- _Dataset content_
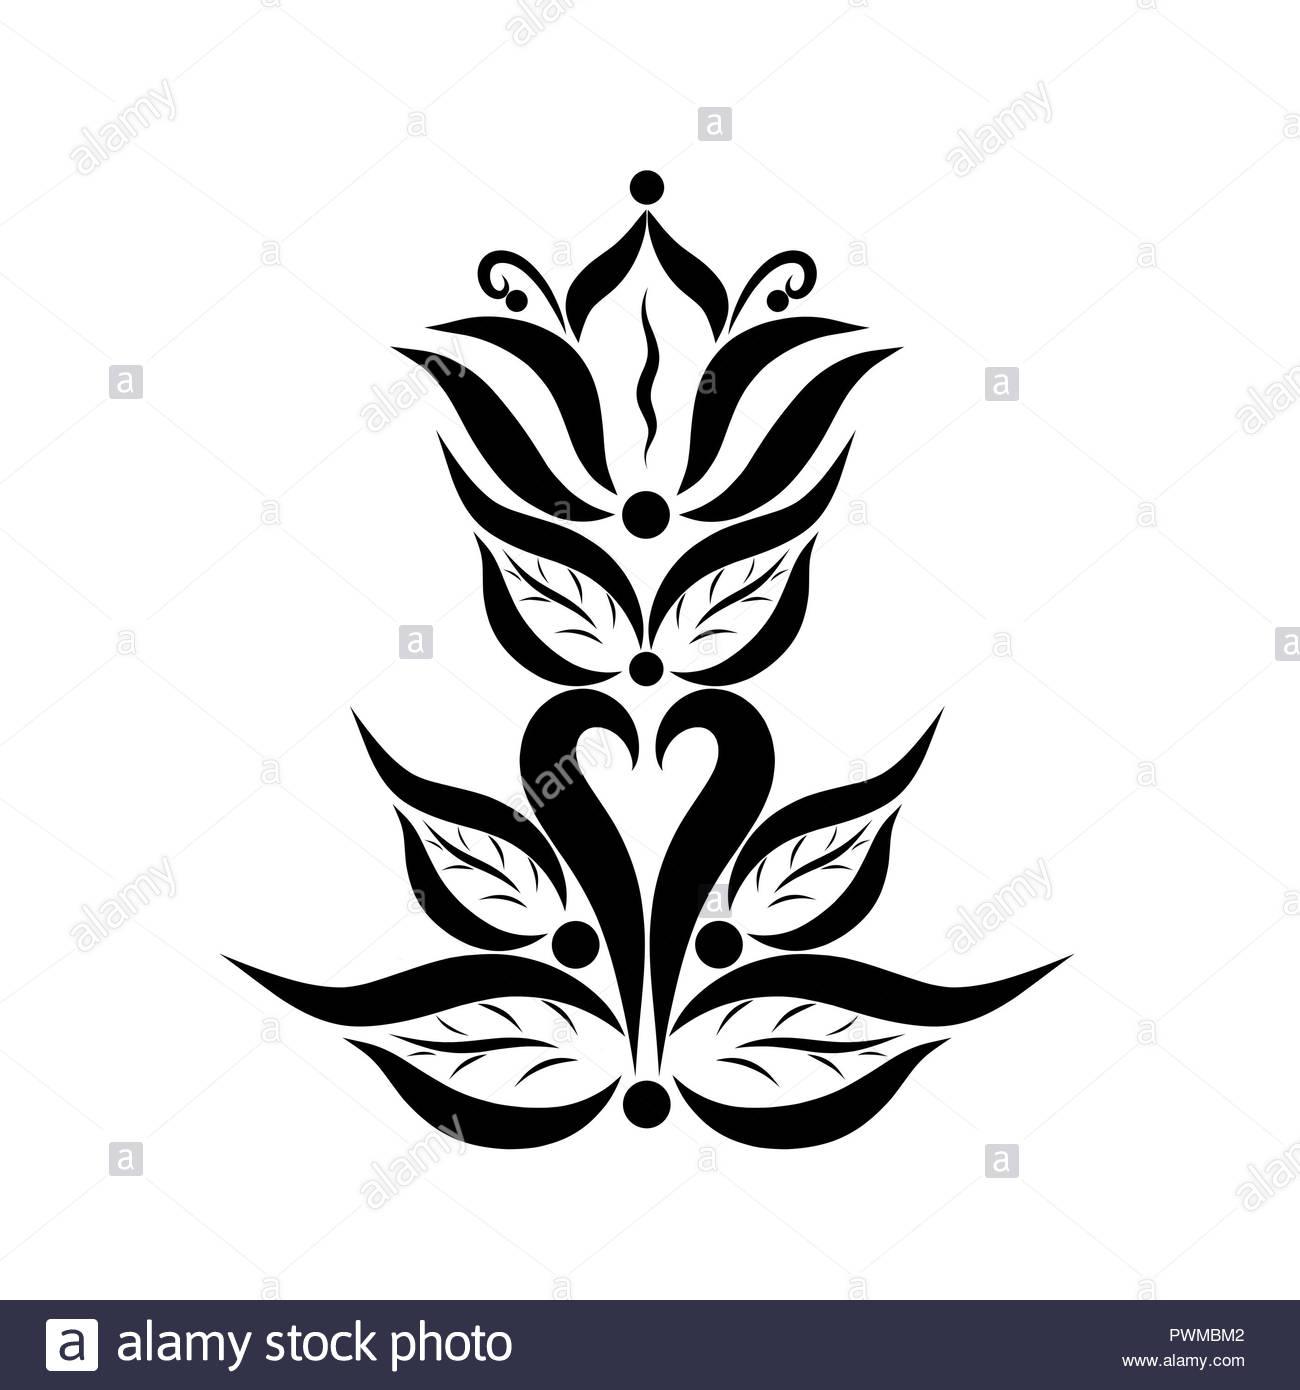 Illustration Symbol Flower Lily Design Logo Stock Photos
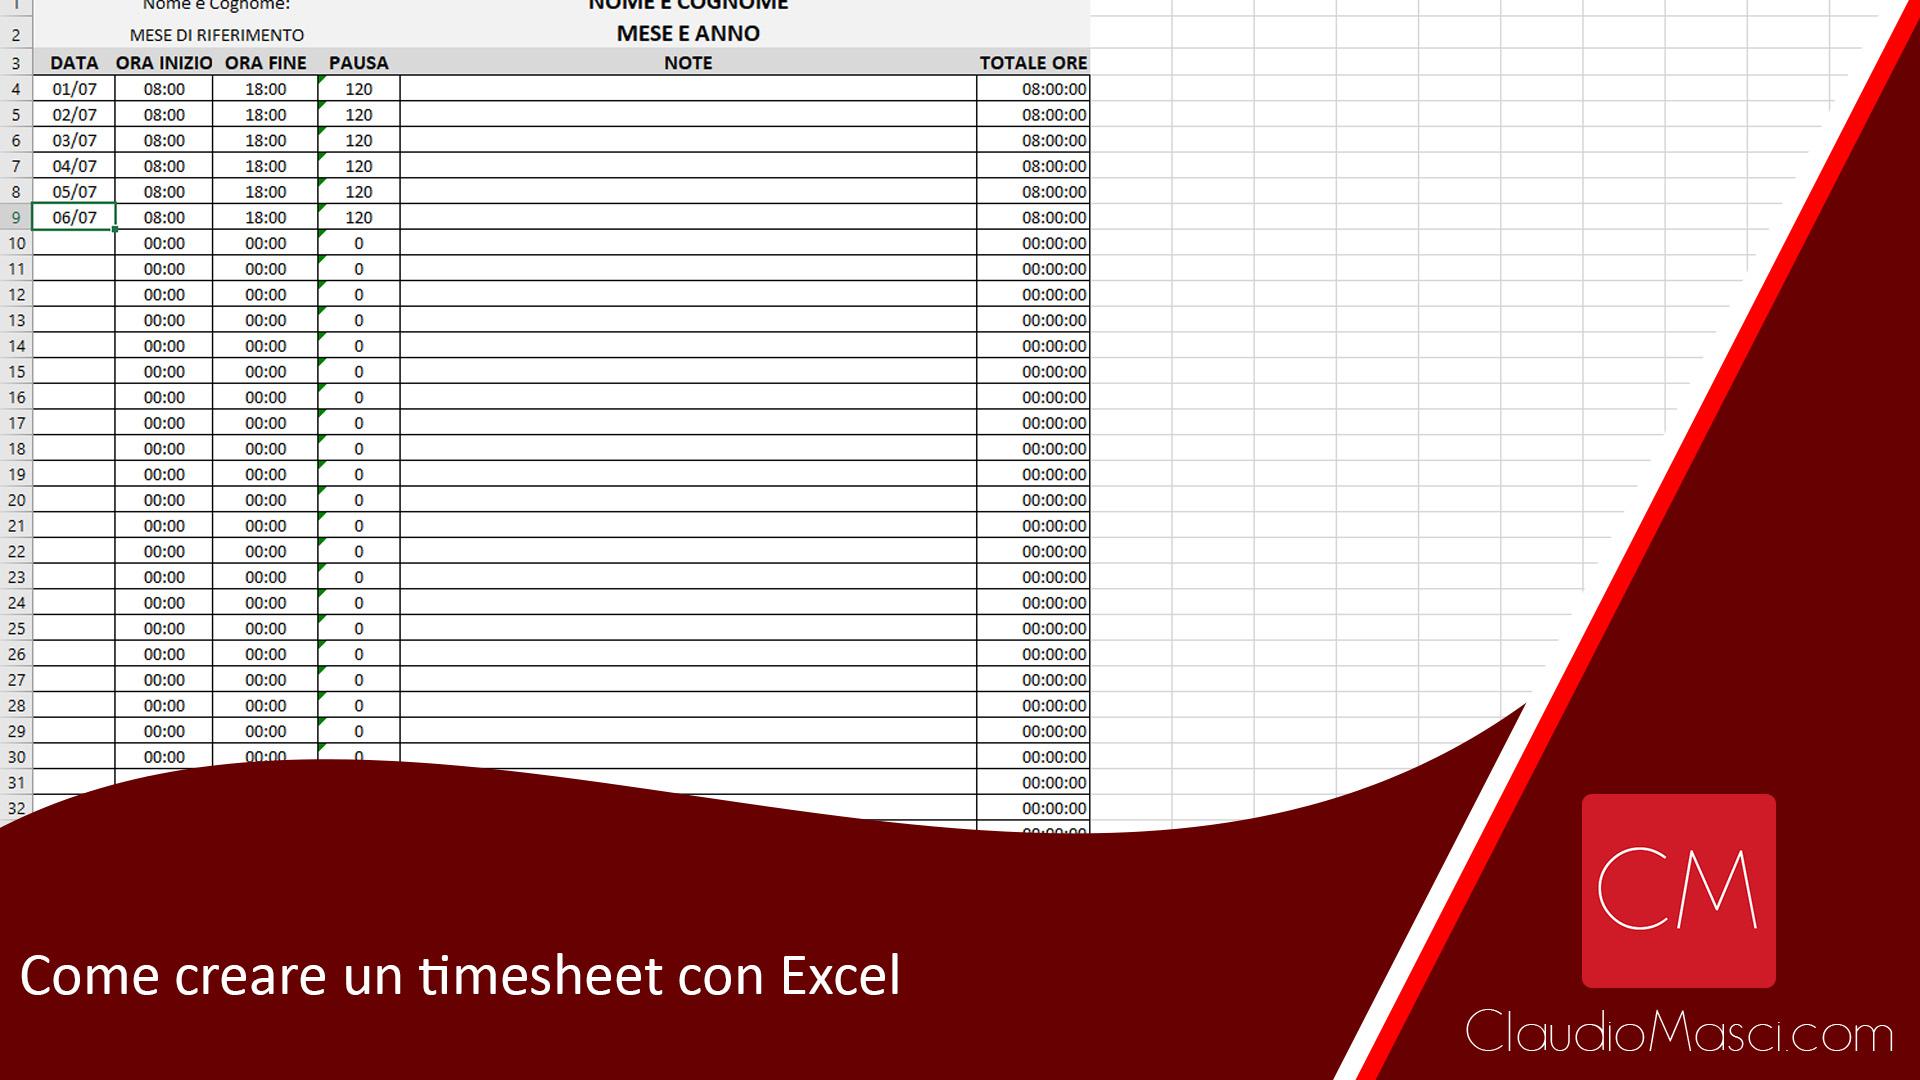 Come creare un timesheet con Excel
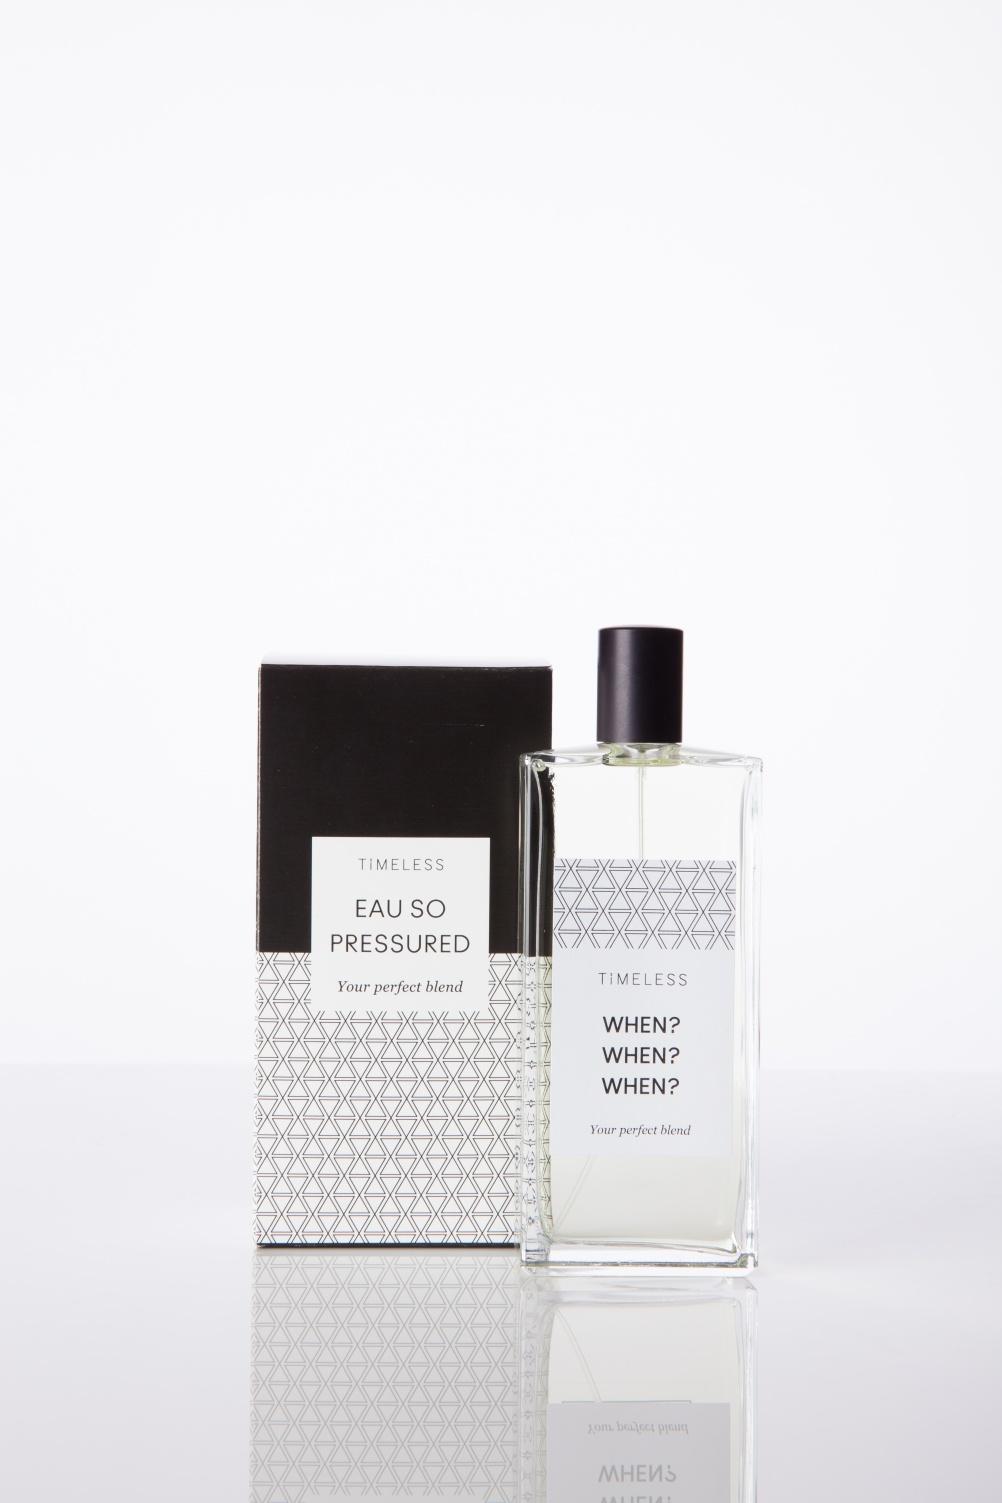 6 Timeless Perfume 1
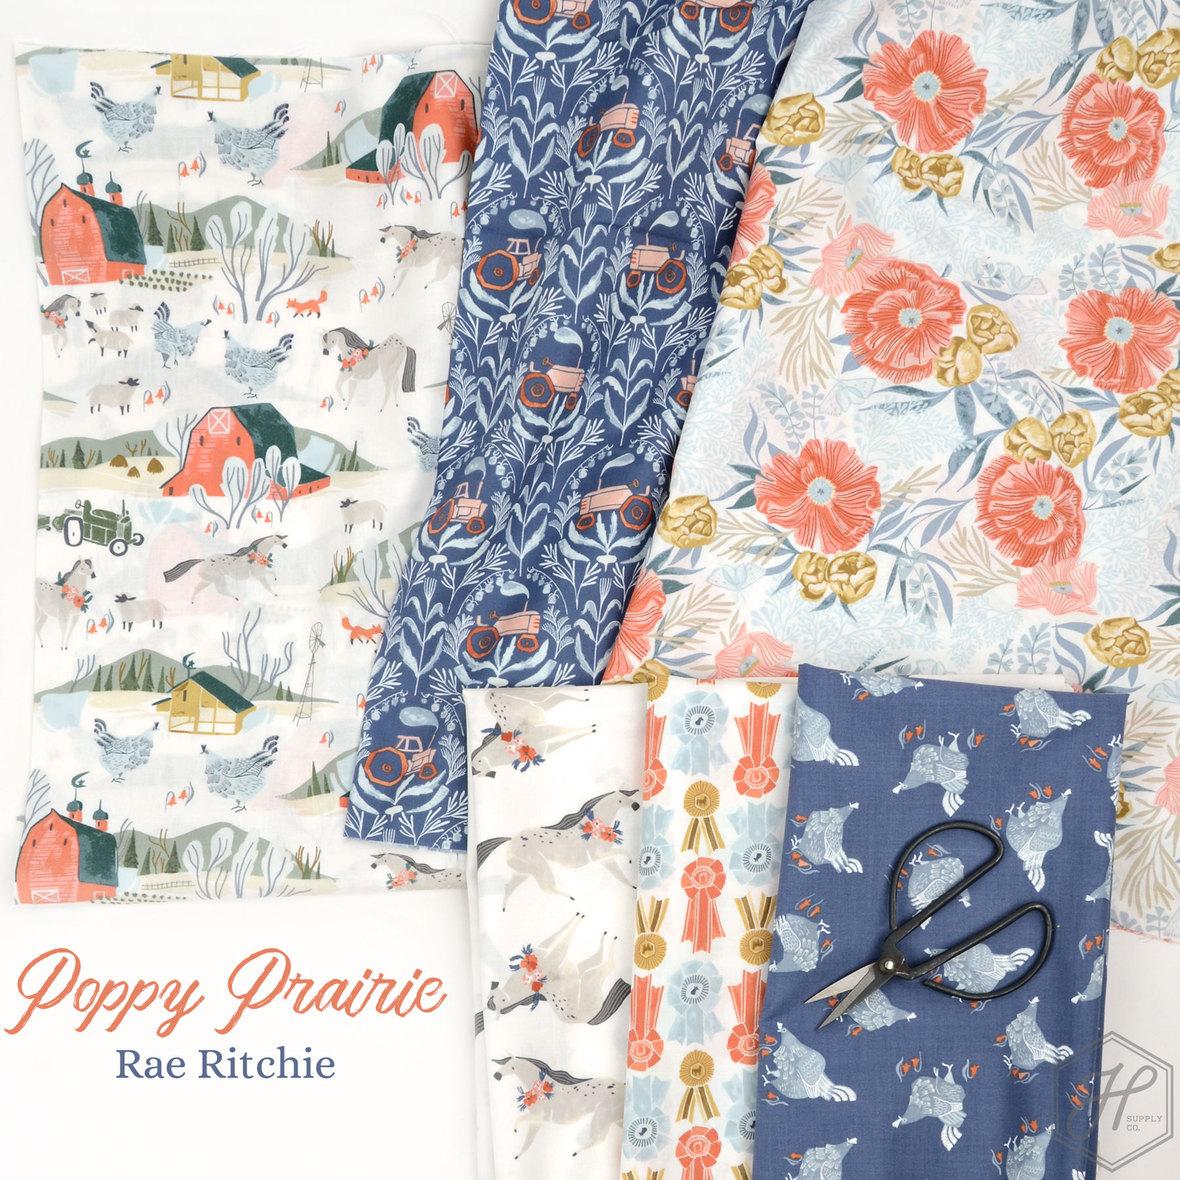 Poppy-Prairie-Fabric-Rae-Ritchie-for-Dear-Stella-at-Hawthorne-Supply-Co
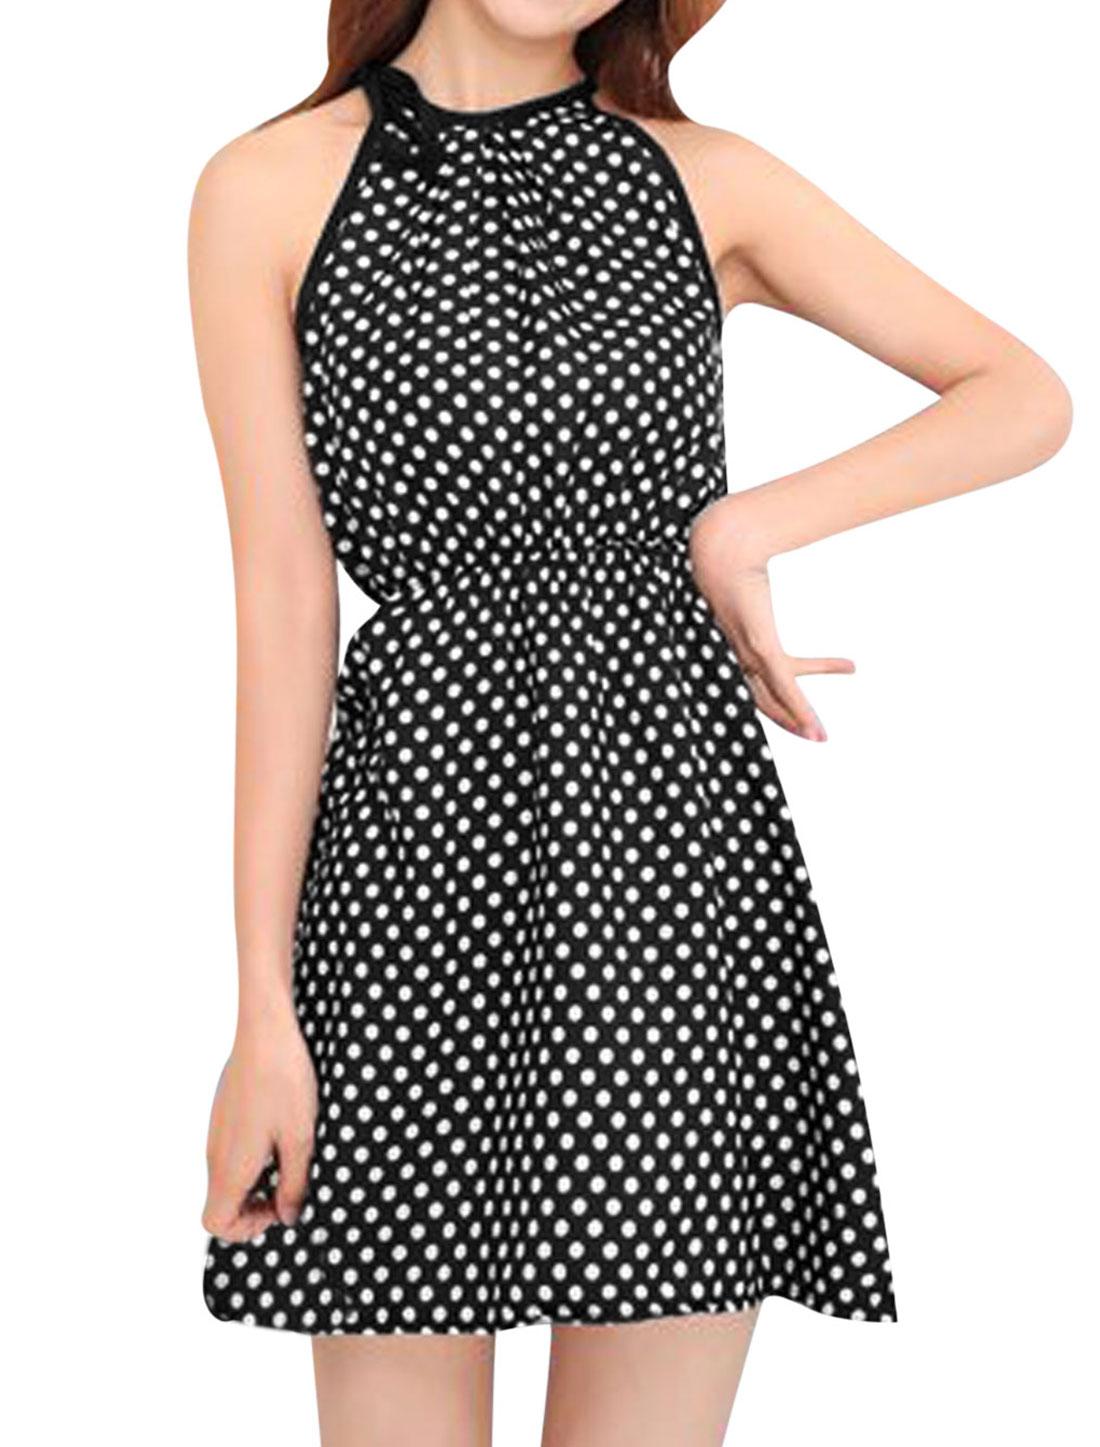 Lady Dots Prints Self Tie Detail Cut Out Back Casual Sundress Black White XS

- _Your task_
Your copy should match the entries exactly, minus the pictures.

- _Exercise answer_
 Illustration Symbol Flower Lily Design Logo Stock Photos
 Come creare un timesheet con Excel
 6 Timeless Perfume 1
 Poppy-Prairie-Fabric-Rae-Ritchie-for-Dear-Stella-at-Hawthorne-Supply-Co
 Lady Dots Prints Self Tie Detail Cut Out Back Casual Sundress Black White XS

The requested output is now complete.